4. Model Selection Guide¶

4.1 Component Selection (Biology-Driven)¶

Components map to biological phenomena—velocity is mandatory; add others based on your system.

Component	Biological Meaning	When to Include
Velocity (Mandatory)	Instantaneous direction of cell state transitions (e.g., differentiation/activation)	Always (core of trajectory inference)
Growth	Proliferation/apoptosis rates (changes in cell population size over time)	- Developmental expansion -Tumor proliferation
Score	Stochasticity in cell state transitions (biological noise)	- Stem cell fate plasticity
Interaction	Cell-cell communication effects	Tumor microenvironment (immune-cancer crosstalk)

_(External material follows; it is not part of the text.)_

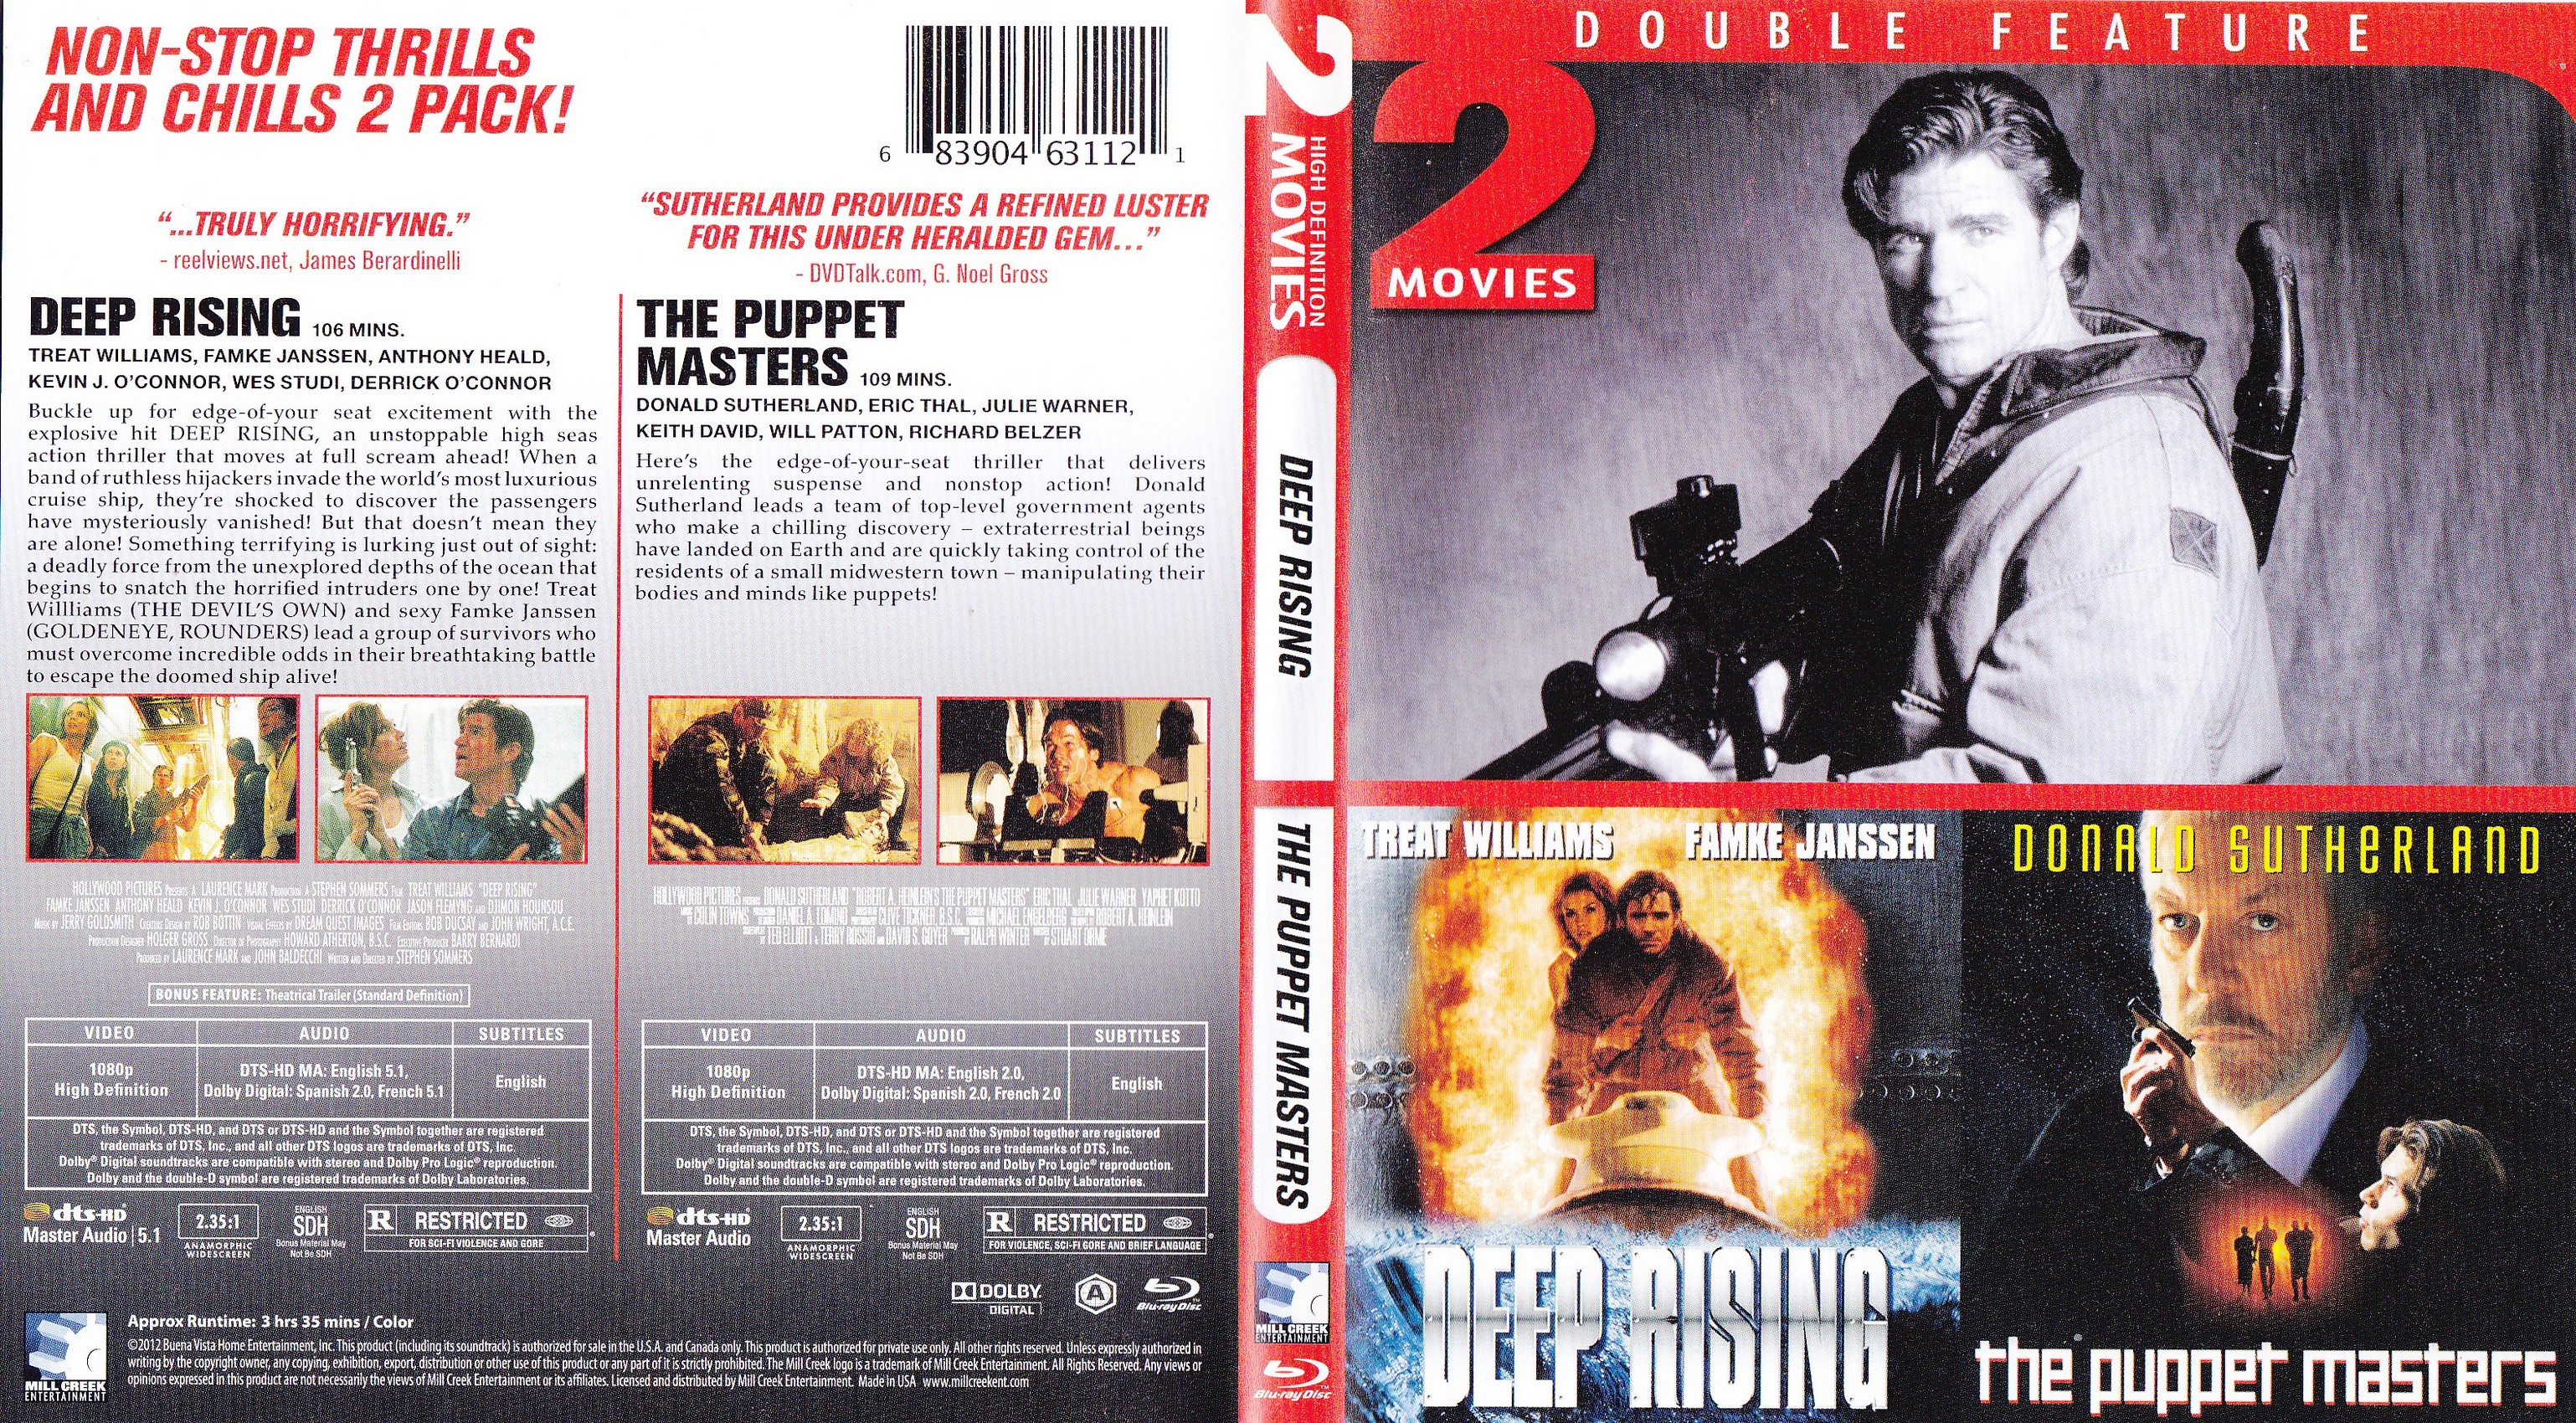 Jaquette DVD Deep rising + The puppet masters Zone 1 (BLU-RAY)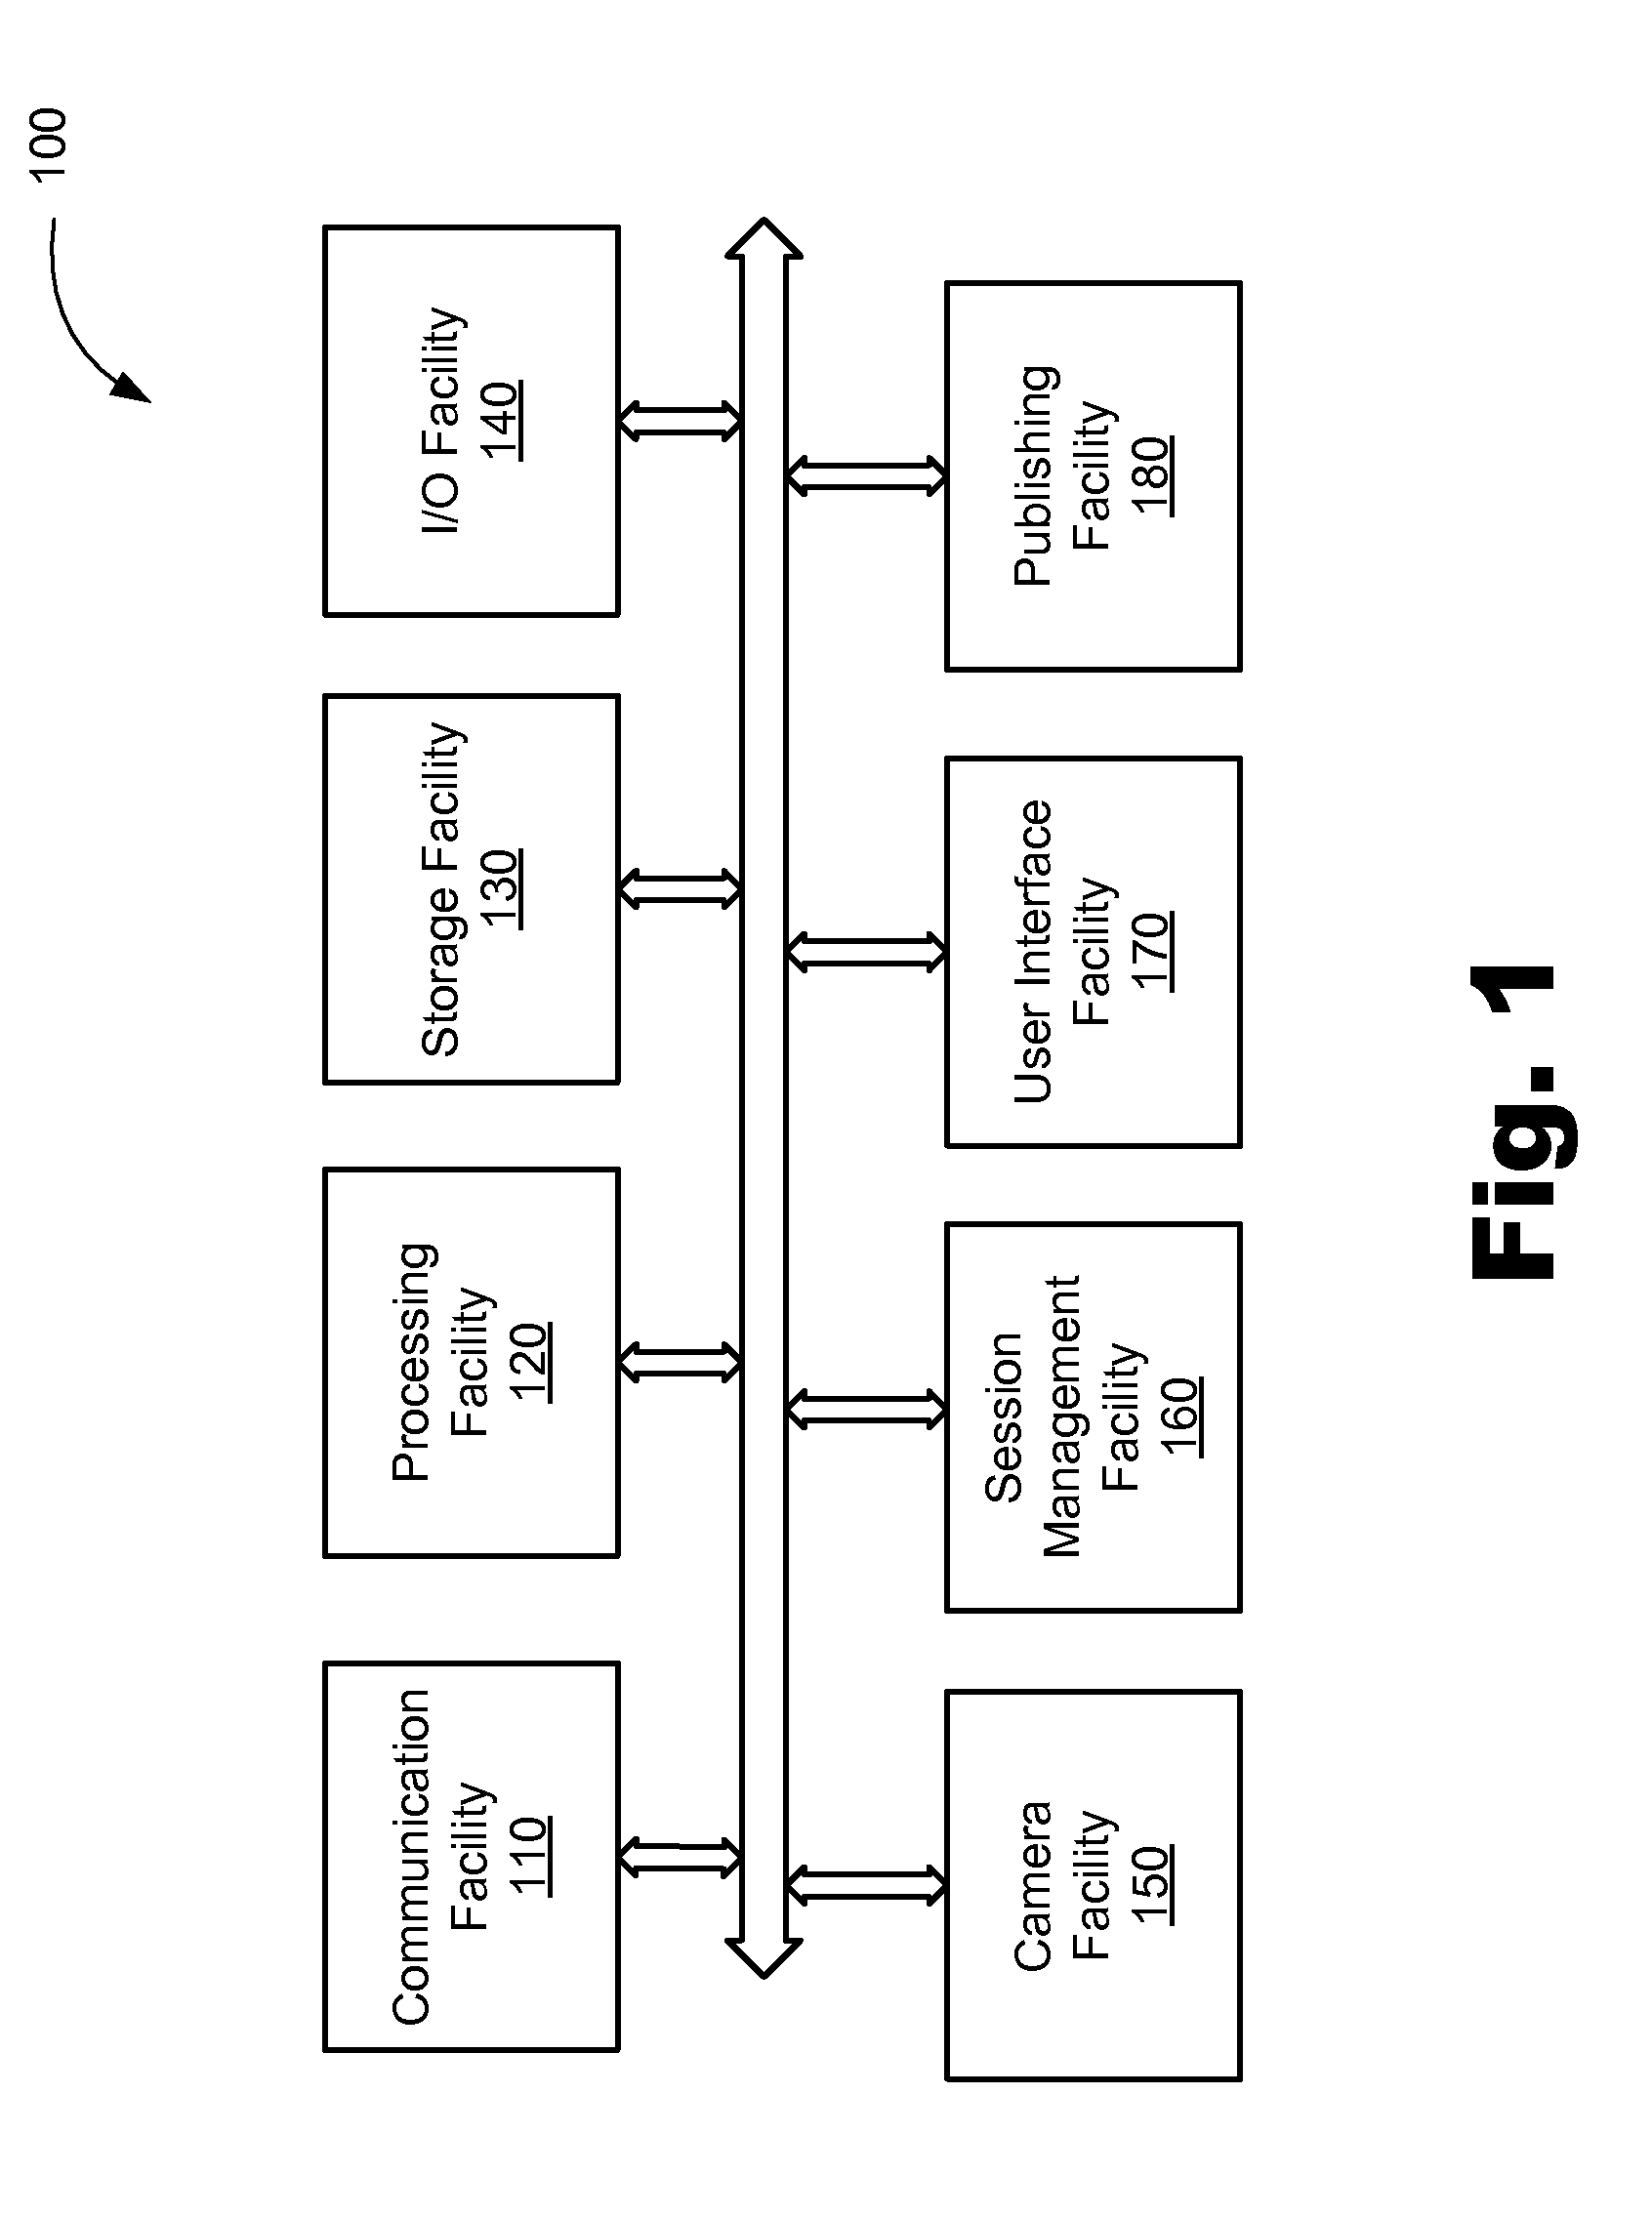 Camera data management and user interface apparatuses, systems, and methods

4.2 Training Mode Selection (Computation-Driven)¶

Choose between flow_matching (speed) and neural_ode (flexibility):

Training Mode	Speed	Flexibility	Best For	Limitations
`flow_matching`	⚡ Fast (simulation-free)	❌ Low (simple loss functions only)	- Large datasets - Simple dynamics (velocity + growth + score)	Struggles with complex dynamics (interaction)
`neural_ode`	🐢 Slow (numerical ODE solving)	✅ High (all components/losses)	- Small/medium datasets - Complex dynamics (velocity + growth + score + interaction)	Computationally expensive for large data

4.3 Model Selection Cheat Sheet¶

Biological Scenario	Components	Training Mode	CytoBridge Config
Only considering Velocity	Velocity only	`neural_ode`	`dynamical_ot`
Proliferation (no stochasticity)	Velocity + Growth	`neural_ode`	`unbalanced_ot`
Proliferation + Stochasticity	Velocity + Growth + Score	`neural_ode` +`flow_matching`	`ruot`
Proliferation + Stochasticity	Velocity + Growth + Score	`flow_matching`	`crufm`
proliferation + Stochasticity + cell-cell communication	Velocity + Growth + Score+Interaction	`neural_ode`	`cytobridge`

5. Optional Loss Functions¶

Loss functions in CytoBridge quantify the mismatch between model predictions and biological data. The choice of loss depends on your model components (e.g., growth requires mass-aware losses) and biological goals (e.g., stochasticity requires score matching). Below is a breakdown of all supported losses.

5.1 Overview¶

Each loss addresses a specific biological or computational challenge. Here’s a high-level mapping to model components:

Loss Type	Target Challenge	Essential model components
OT Loss	Align cell state distributions across time	Velocity (all OT-based models)
Mass Loss	Enforce consistent cell population sizes (proliferation/apoptosis)	Velocity + Growth
Score Matching Loss	Model stochasticity in cell state transitions	Velocity + Score
Density Loss	Align local density of cell states	Velocity (neural ODE mode)
PINN Loss	Enforce physical constraints (e.g., continuity of cell density)	Velocity (neural ODE mode)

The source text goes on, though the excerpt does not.